> [Task directions] Repeat every record exactly as given.

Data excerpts

-.-.-

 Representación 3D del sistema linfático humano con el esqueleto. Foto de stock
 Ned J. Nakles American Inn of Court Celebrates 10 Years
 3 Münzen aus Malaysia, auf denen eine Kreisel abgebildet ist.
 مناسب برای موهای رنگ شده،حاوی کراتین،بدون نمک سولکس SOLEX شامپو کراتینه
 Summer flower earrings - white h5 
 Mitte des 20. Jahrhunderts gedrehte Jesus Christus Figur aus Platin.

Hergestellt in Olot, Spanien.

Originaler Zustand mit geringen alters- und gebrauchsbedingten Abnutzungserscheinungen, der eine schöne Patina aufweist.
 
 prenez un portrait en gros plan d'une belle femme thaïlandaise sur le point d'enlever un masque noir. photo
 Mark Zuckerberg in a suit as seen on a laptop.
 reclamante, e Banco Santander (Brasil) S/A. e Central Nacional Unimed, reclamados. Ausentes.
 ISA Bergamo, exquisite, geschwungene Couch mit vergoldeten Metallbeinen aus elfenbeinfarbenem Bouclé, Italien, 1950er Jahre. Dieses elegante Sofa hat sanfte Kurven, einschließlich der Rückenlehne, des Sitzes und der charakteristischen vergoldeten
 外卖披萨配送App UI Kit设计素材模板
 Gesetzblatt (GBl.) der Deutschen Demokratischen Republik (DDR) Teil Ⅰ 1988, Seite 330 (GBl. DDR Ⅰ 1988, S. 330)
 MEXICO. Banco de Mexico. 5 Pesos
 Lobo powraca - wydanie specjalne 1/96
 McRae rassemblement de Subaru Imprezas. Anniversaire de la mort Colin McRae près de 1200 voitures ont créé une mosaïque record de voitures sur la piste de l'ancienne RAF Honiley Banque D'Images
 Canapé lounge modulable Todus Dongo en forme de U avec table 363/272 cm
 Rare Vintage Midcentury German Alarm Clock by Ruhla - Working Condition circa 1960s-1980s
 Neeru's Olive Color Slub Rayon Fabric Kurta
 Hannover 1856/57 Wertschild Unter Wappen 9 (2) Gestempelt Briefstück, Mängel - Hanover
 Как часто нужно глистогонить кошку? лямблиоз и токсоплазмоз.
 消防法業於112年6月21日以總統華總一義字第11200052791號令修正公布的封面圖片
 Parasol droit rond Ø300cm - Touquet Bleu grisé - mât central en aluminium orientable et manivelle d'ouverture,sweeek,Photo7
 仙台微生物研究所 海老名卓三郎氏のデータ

-.-.-

> [Exercise answer]
 Representación 3D del sistema linfático humano con el esqueleto. Foto de stock
 Ned J. Nakles American Inn of Court Celebrates 10 Years
 3 Münzen aus Malaysia, auf denen eine Kreisel abgebildet ist.
 مناسب برای موهای رنگ شده،حاوی کراتین،بدون نمک سولکس SOLEX شامپو کراتینه
 Summer flower earrings - white h5 
 Mitte des 20. Jahrhunderts gedrehte Jesus Christus Figur aus Platin.

Hergestellt in Olot, Spanien.

Originaler Zustand mit geringen alters- und gebrauchsbedingten Abnutzungserscheinungen, der eine schöne Patina aufweist.
 
 prenez un portrait en gros plan d'une belle femme thaïlandaise sur le point d'enlever un masque noir. photo
 Mark Zuckerberg in a suit as seen on a laptop.
 reclamante, e Banco Santander (Brasil) S/A. e Central Nacional Unimed, reclamados. Ausentes.
 ISA Bergamo, exquisite, geschwungene Couch mit vergoldeten Metallbeinen aus elfenbeinfarbenem Bouclé, Italien, 1950er Jahre. Dieses elegante Sofa hat sanfte Kurven, einschließlich der Rückenlehne, des Sitzes und der charakteristischen vergoldeten
 外卖披萨配送App UI Kit设计素材模板
 Gesetzblatt (GBl.) der Deutschen Demokratischen Republik (DDR) Teil Ⅰ 1988, Seite 330 (GBl. DDR Ⅰ 1988, S. 330)
 MEXICO. Banco de Mexico. 5 Pesos
 Lobo powraca - wydanie specjalne 1/96
 McRae rassemblement de Subaru Imprezas. Anniversaire de la mort Colin McRae près de 1200 voitures ont créé une mosaïque record de voitures sur la piste de l'ancienne RAF Honiley Banque D'Images
 Canapé lounge modulable Todus Dongo en forme de U avec table 363/272 cm
 Rare Vintage Midcentury German Alarm Clock by Ruhla - Working Condition circa 1960s-1980s
 Neeru's Olive Color Slub Rayon Fabric Kurta
 Hannover 1856/57 Wertschild Unter Wappen 9 (2) Gestempelt Briefstück, Mängel - Hanover
 Как часто нужно глистогонить кошку? лямблиоз и токсоплазмоз.
 消防法業於112年6月21日以總統華總一義字第11200052791號令修正公布的封面圖片
 Parasol droit rond Ø300cm - Touquet Bleu grisé - mât central en aluminium orientable et manivelle d'ouverture,sweeek,Photo7
 仙台微生物研究所 海老名卓三郎氏のデータ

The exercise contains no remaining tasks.